BAE Systems to continue upgrading and maintaining long-range early warning missile defense radar

May 12, 2017
PETERSON AFB, Colo. – Radar experts at BAE Systems will continue maintaining, upgrading, and operating a global distributed radar network that provides missile defense and early warning of enemy ballistic missile launches and potential threats in space.
PETERSON AFB, Colo. – Radar experts at BAE Systems will continue maintaining, upgrading, and operating a global distributed radar network that provides missile defense and early warning of enemy ballistic missile launches and potential threats in space.

Officials of the U.S. Air Force 21st Contracting Squadron at Peterson Air Force Base, Colo., announced a $48.5 million contract modification Wednesday to the BAE Systems Technology Solutions & Services segment in Rockville, Md., to manage, operate, maintain and logistically support the Solid State Phased Array Radar Systems (SSPARS).

These radar systems -- once referred to as the Phased Array Warning System (PAVE PAWS) and the Ballistic Missile Early Warning System (BMEWS) -- consist of radar, computer, and communications system for missile warning and space surveillance.

SSPARS sites are located at five separate locations: Beale Air Force Base, Calif.; Cape Cod, Air Force Station, Mass.; Clear Air Force Station, Alaska; Royal Air Force Station Fylingdales, England; and Thule Air Base, Greenland.

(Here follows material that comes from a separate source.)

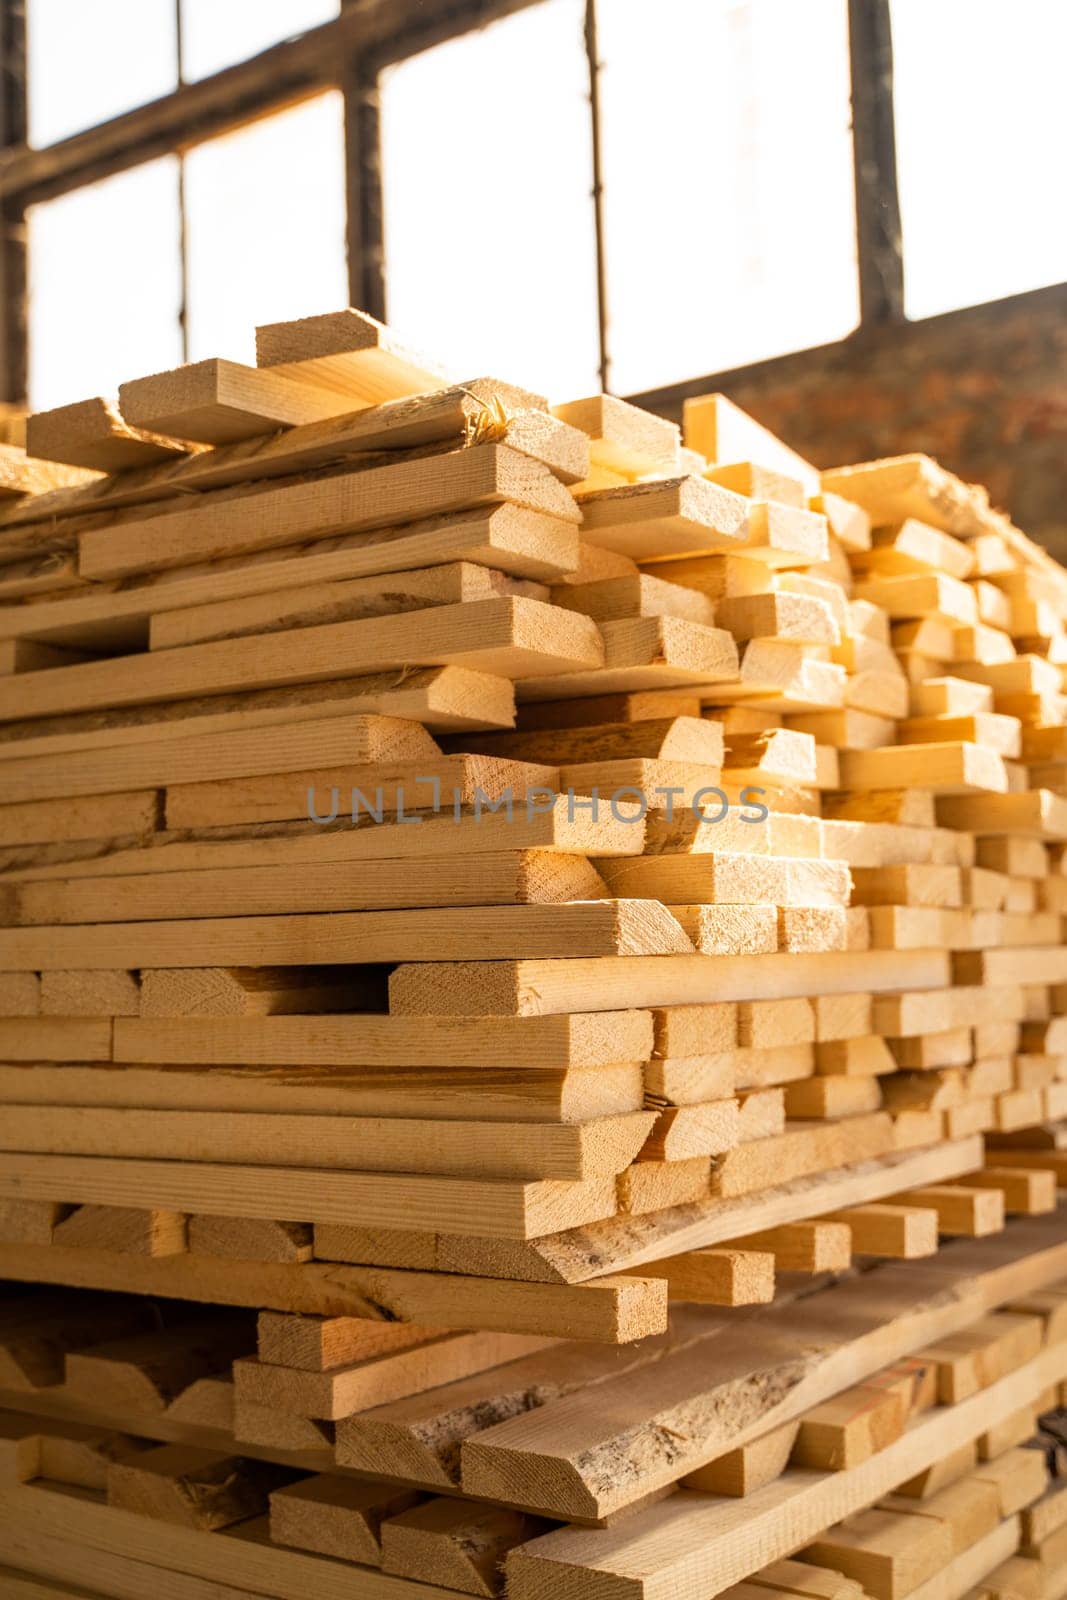 Stacked wooden planks in close-up at a outdoor lumber warehouse. Drying timber stack. Wood air drying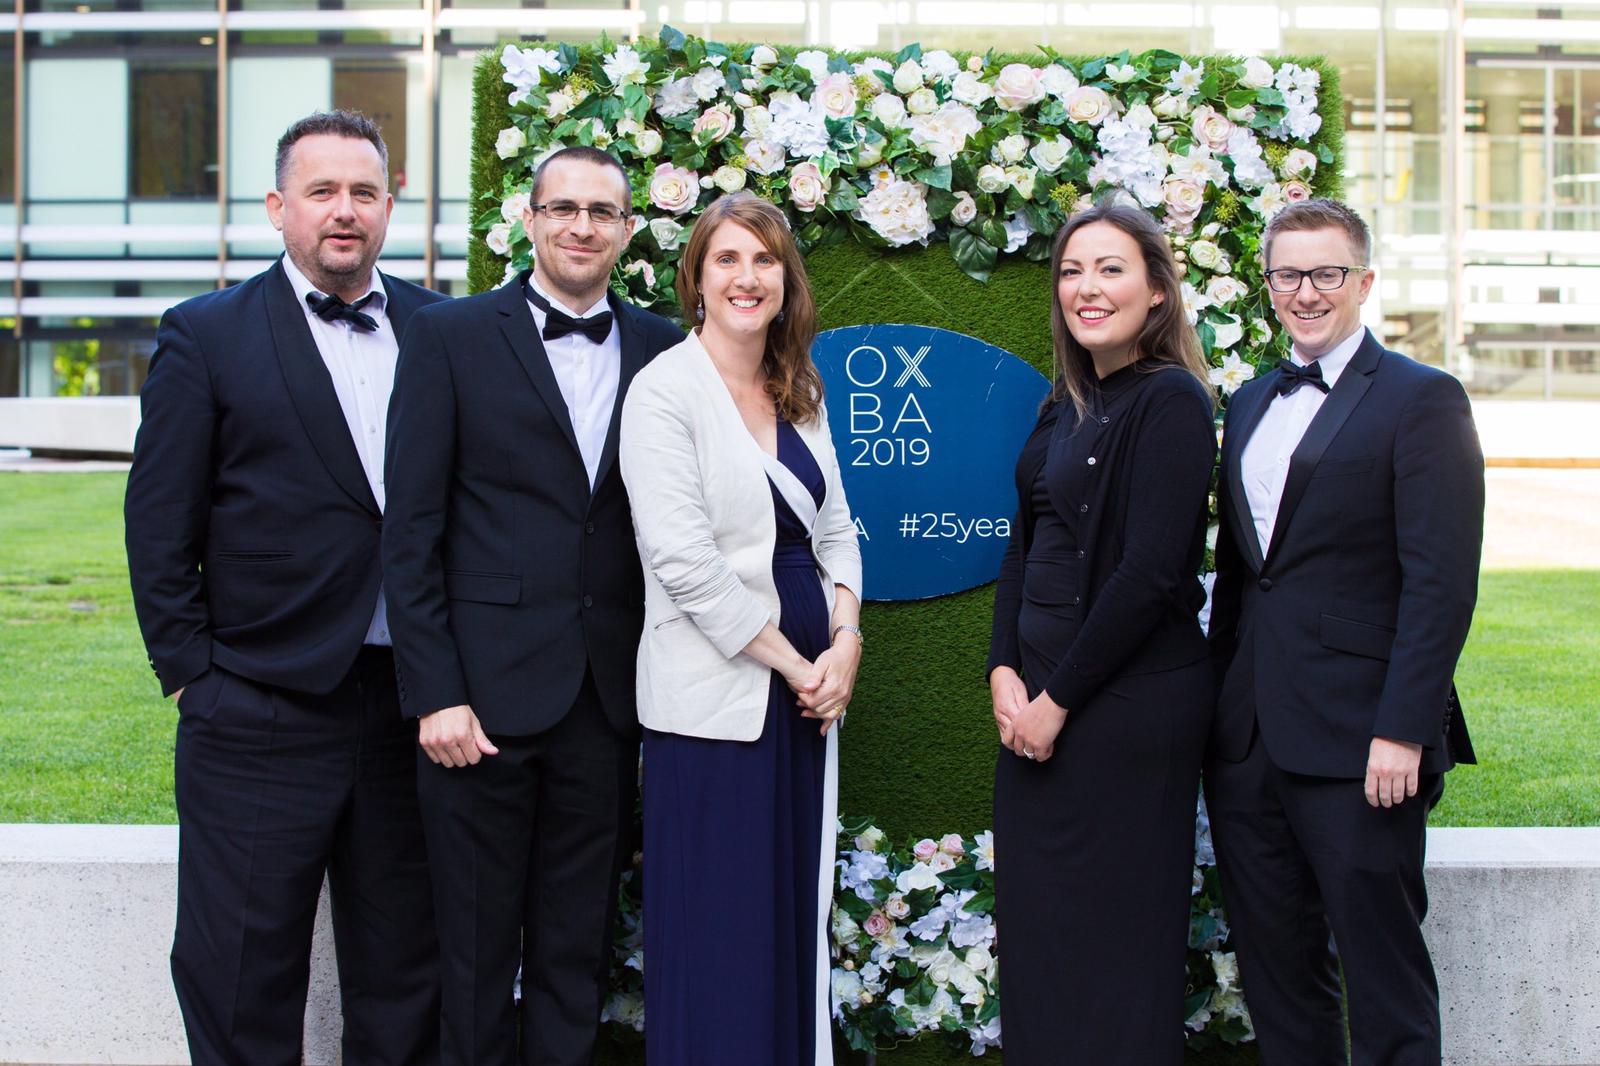 SWJ Consulting finalists at the Oxfordshire Business Awards 2019

Related: Air Force eyes upgrades to PAVE PAWS, BMEWS, and PARCS ballistic missile warning radar

BAE Systems won a $49.6 million contract one year ago to maintain, upgrade, and operate the SSPARS through August of this year.

Air Force radar experts have been considering technology refresh for the front-end and remoting capabilities of those radar systems, which have received significant upgrades to their data- and signal-processing subsystems.

The SSPARS is a ground-based radar system that provides U.S. Strategic Command (USSTRATCOM) at Offutt Air Force Base near Omaha, Neb., with warning and attack-assessment information on all intercontinental ballistic missiles (ICBMs) launched throughout the world that might be headed for U.S. territory.

The system also helps warn USSTRATCOM and NATO authorities of submarine- and sea-launched ballistic missile (SLBM) attacks and provides data to help evaluate the severity of ballistic missile attacks.

Related: Air Force asks Exelis to EMP-harden long-range ballistic missile warning radar systems

A sister system -- the Perimeter Acquisition Radar Attack Characterization System (PARCS) is a large radar installation in North Dakota that provides ballistic missile warning and attack assessment, as well as space surveillance data to the North American Aerospace Defense Command (NORAD) Peterson Air Force Base, Colo., as well as to USSTRATCOM and regional combatant commanders.

On this contract modification BAE Systems will do the work at Beale Air Force Base; Cape Cod Air Force Station; Clear Air Force Station; Thule Air Base; and Royal Air Force Fylingdales, and will be finished by August 2018.